Yeddyurappa’s departure ensured that the BJP lost the Karnataka assembly elections last year. His return is seen as an admission that the party cannot win an election without him in the state. His hold over the numerical majority Lingayat sect vote in Karnataka was reason enough for the BJP to forget the corruption charges against him. Earlier this month, the BJP decided to readmit to its fold BS Sriramulu, despite his close association with jailed mining baron Janardhan Reddy. Sriramulu had left the party in November 2011 to protest its treatment of Reddy, but has now been fielded for the Bellary seat, the epicentre of iron-ore scandal.

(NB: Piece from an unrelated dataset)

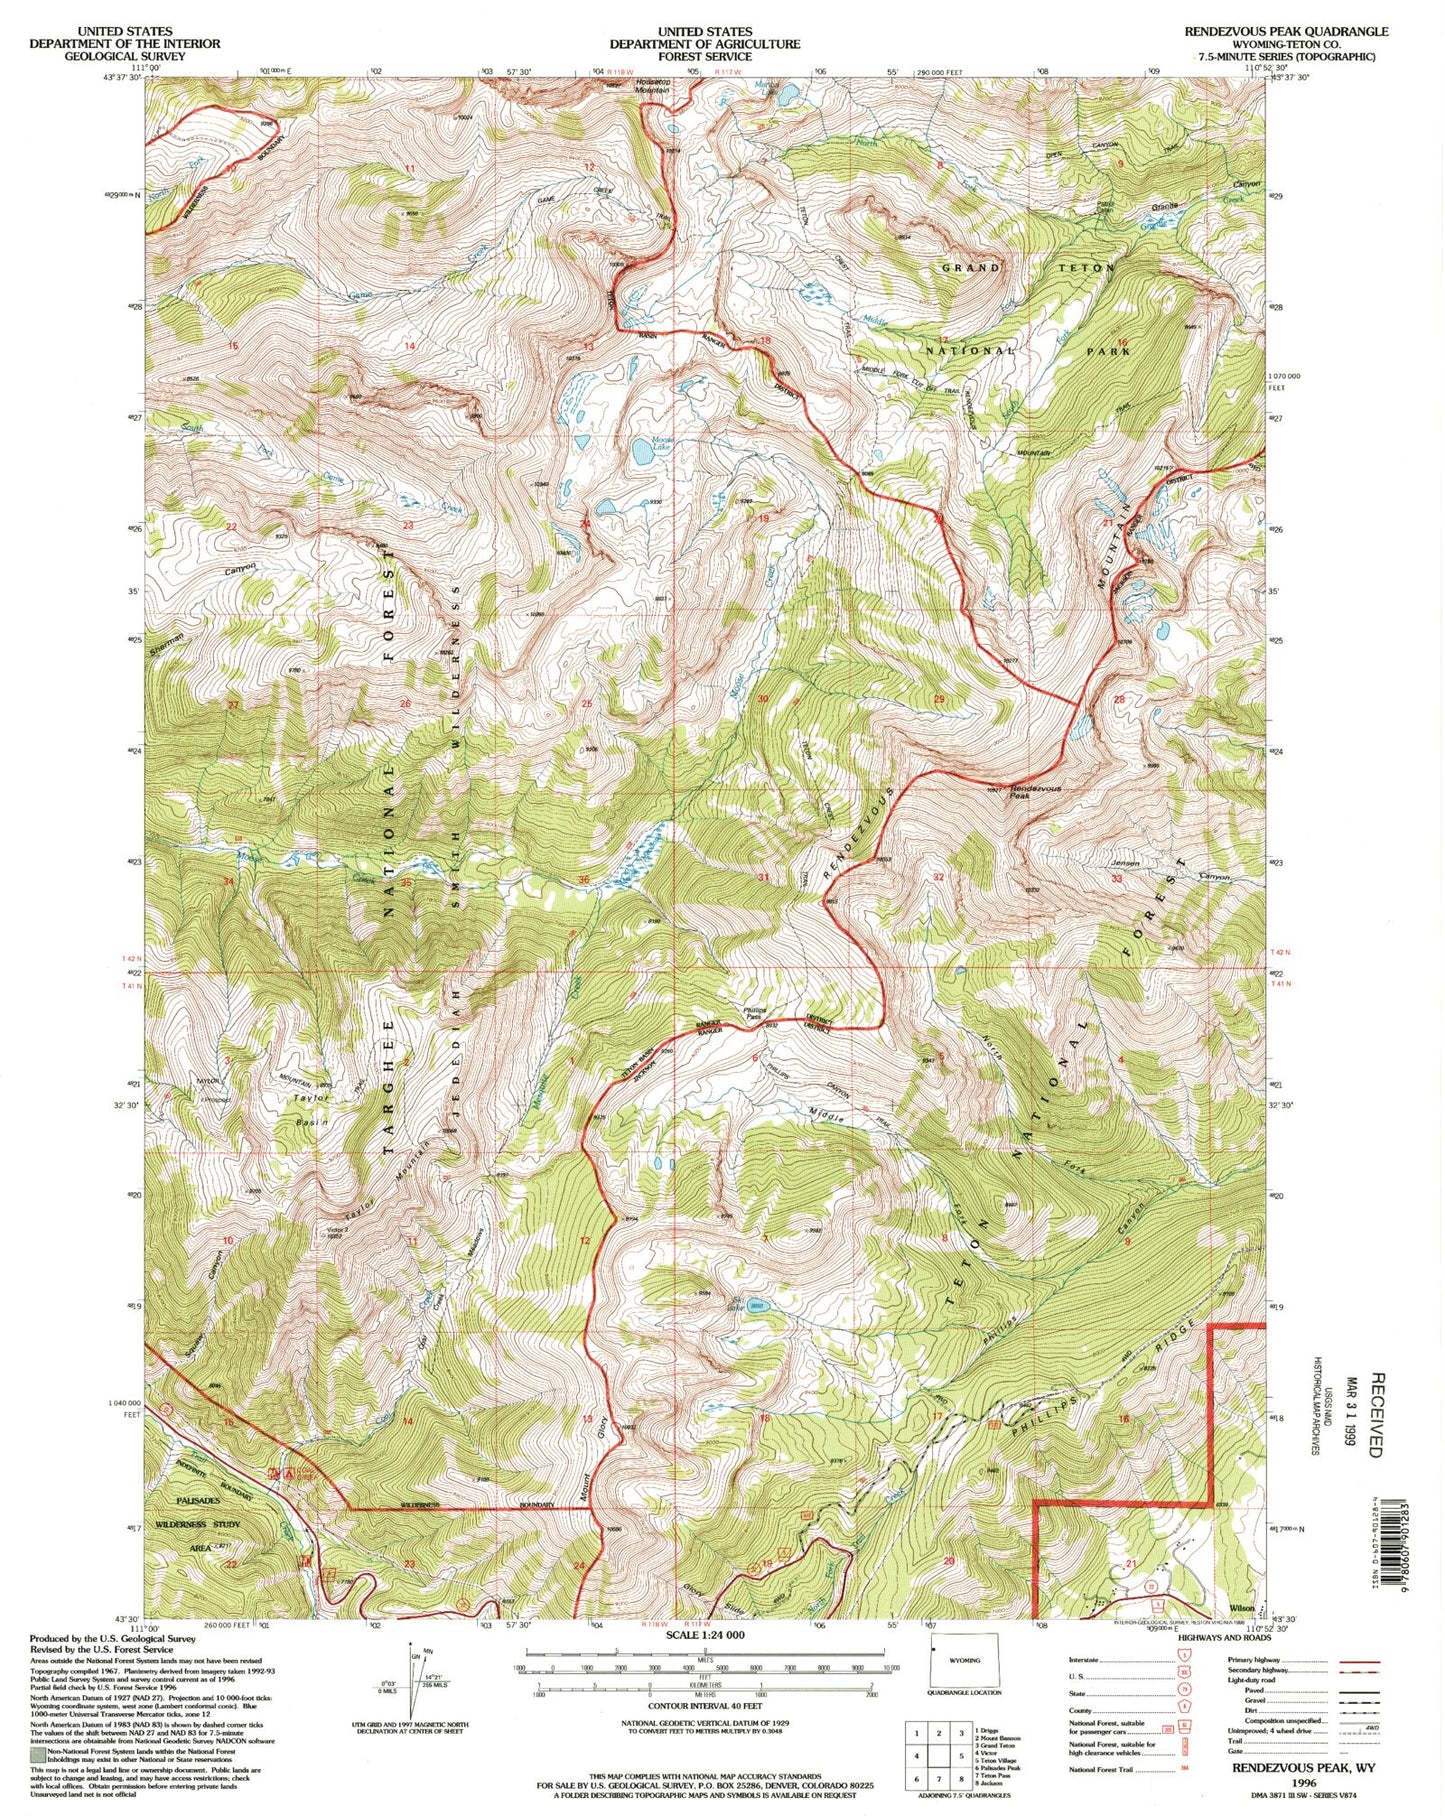 USGS Classic Rendezvous Peak Wyoming 7.5'x7.5' Topo Map Image
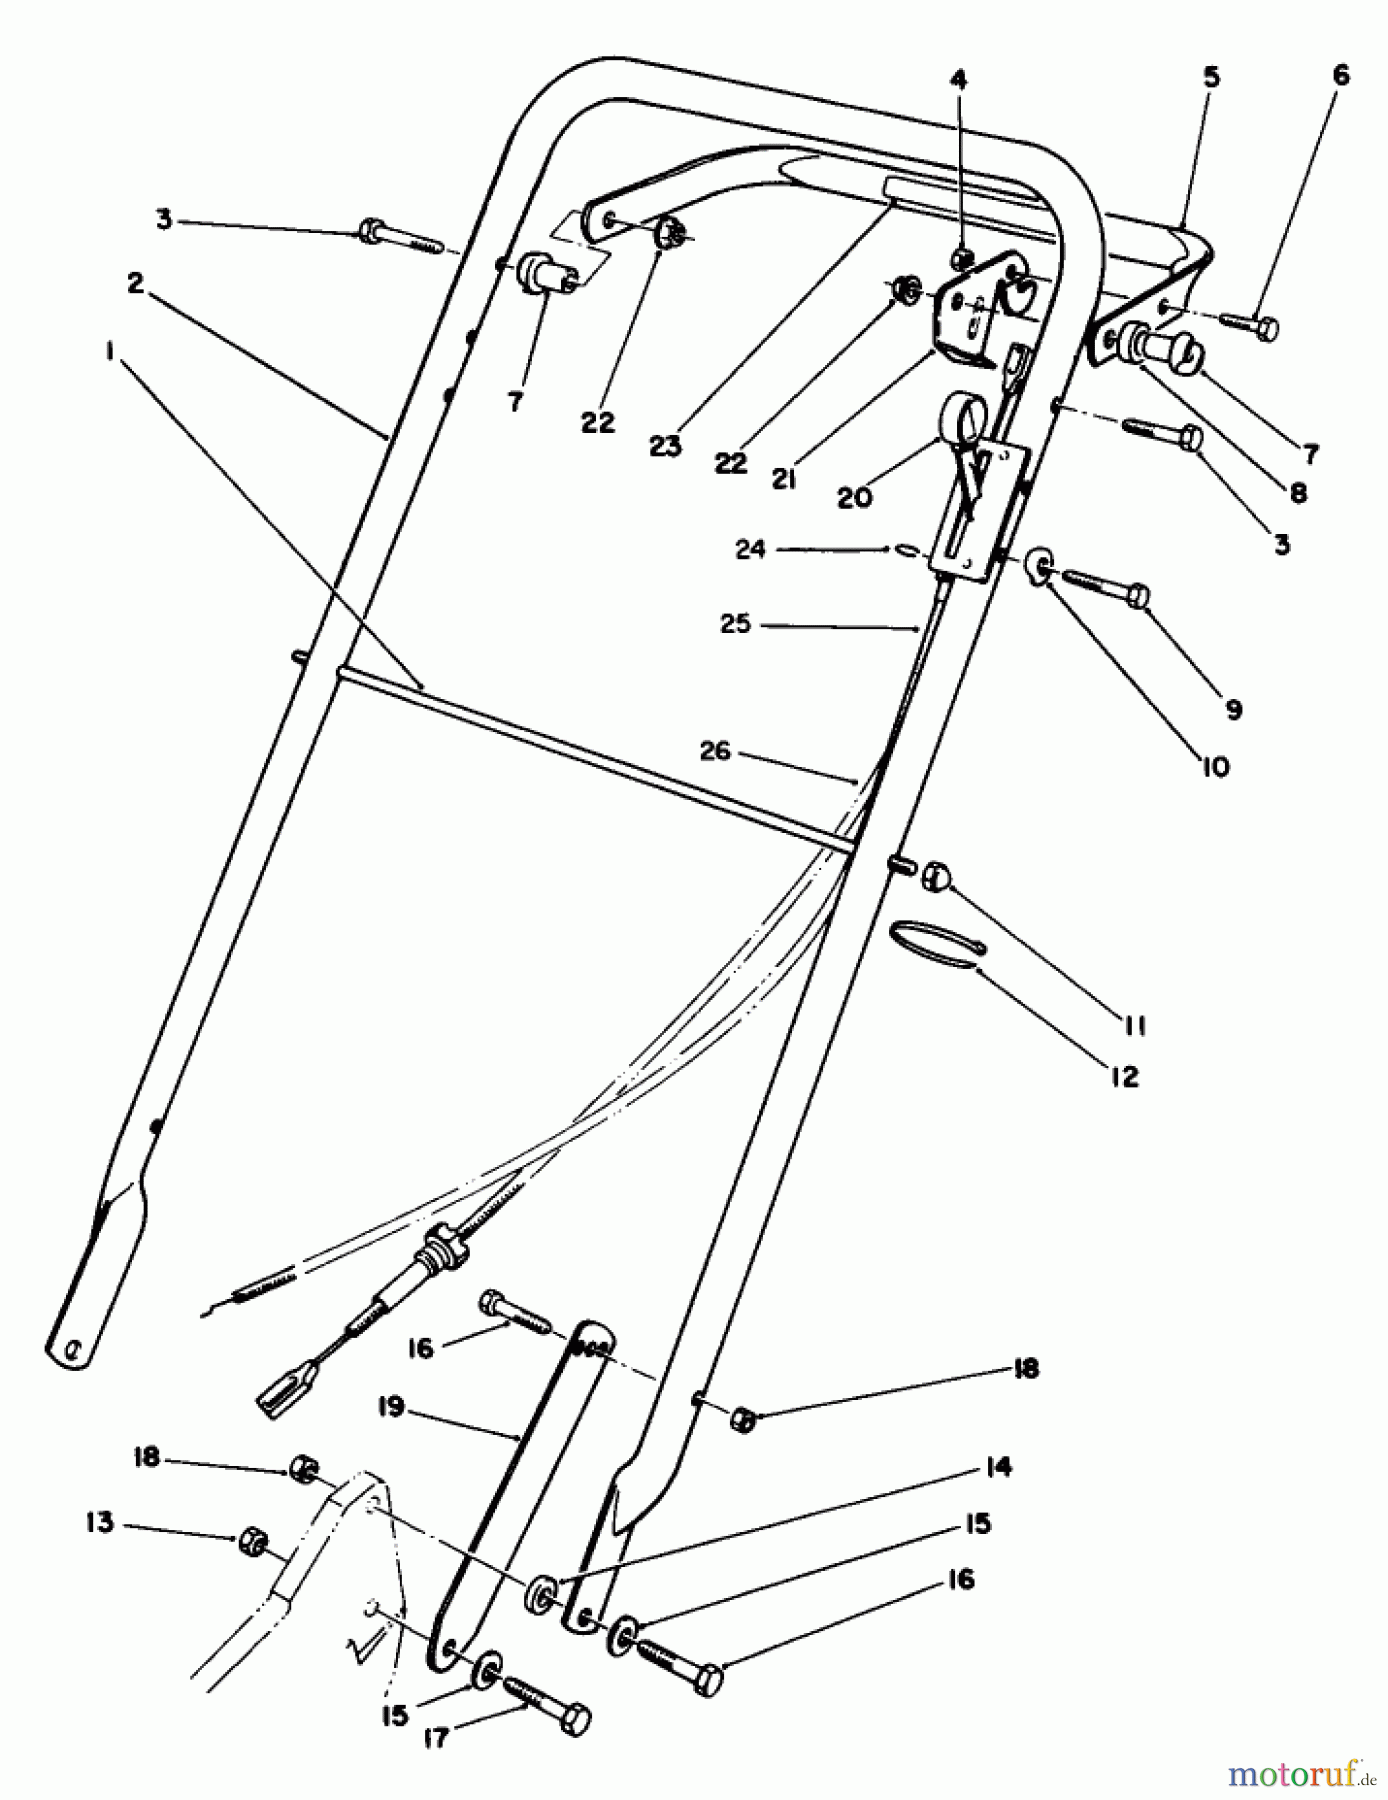  Toro Neu Mowers, Walk-Behind Seite 2 22030 - Toro Lawnmower, 1991 (1000001-1999999) HANDLE ASSEMBLY (MODEL 22035)

“The problem is also that the voter perceives all major political parties as corrupt, so until a credible alternative is provided, corruption is a redundant issue,” said RK Radhakrishnan, deputy editor of The Hindu. “It is a choice between the devil and the deep blue sea.” The success of the Aam Aadmi party showed that voters are attracted in cases where a credible alternative exists. But AAP has a negligible presence in many parts of India, especially in the south.
It is in this situation, politicians like Jaganmohan Reddy in Andhra Pradesh are front runners. Jagan was arrested by the Central Bureau of Investigation in May 2012 and spent over a year in jail on allegations that his companies benefitted from government contracts doled out by his father and former chief minister of Andhra Pradesh, the late YS Rajashekar Reddy. “In fact YSR Reddy was perceived as corrupt by the people but he still won a thumping majority in the 2009 polls because of his populist schemes,” said Palety.
In the final analysis, say observers, corruption ranks below inefficiency in the voters list of priorities. From Mayawati and Mulayam Singh Yadav in Uttar Pradesh, to J Jayalalithaa in Tamil Nadu, many powerful political figures have won elections despite serious charges of corruption. Their ability to win parliamentary seats in their states has given them bargaining power in alliances in Delhi and has often been used to put political pressure on the agencies investigating the charges against them.
There also seems to be a strong urban versus rural divide while assessing corruption. “A scam like 2G which has received enormous media coverage is a major issue in urban centres but local-level corruption of party workers may be a bigger issue in rural areas,” said Vasanti Rao, the director of the Centre for Media Studies, which assesses the impact of media coverage across the country. What is considered a national corruption issue may not matter at the constituency level.
In addition, major scam charges are more damaging for a candidate from an urban seat than in a rural one seat. The Congress, for instance, was ready to field Ashok Chavan for the rural Nanded seat in Maharashtra even though the former chief minister has been accused of corruption in allocating flats in Adarsh, a building in Mumbai that was intend to house war widows. However, in the Pune seat, the Congress refused a ticket to Suresh Kalmadi, who was jailed for his role in scandals in spending related to the Commonwealth Games in Delhi in 2010.
It isn’t that the electorate is gullible and unaware of corruption issues, observers say, but rather it has a sophisticated understanding of the realities of electoral politics. So, though corruption is high on the agenda of national debate, it isn’t necessarily an issue in national elections.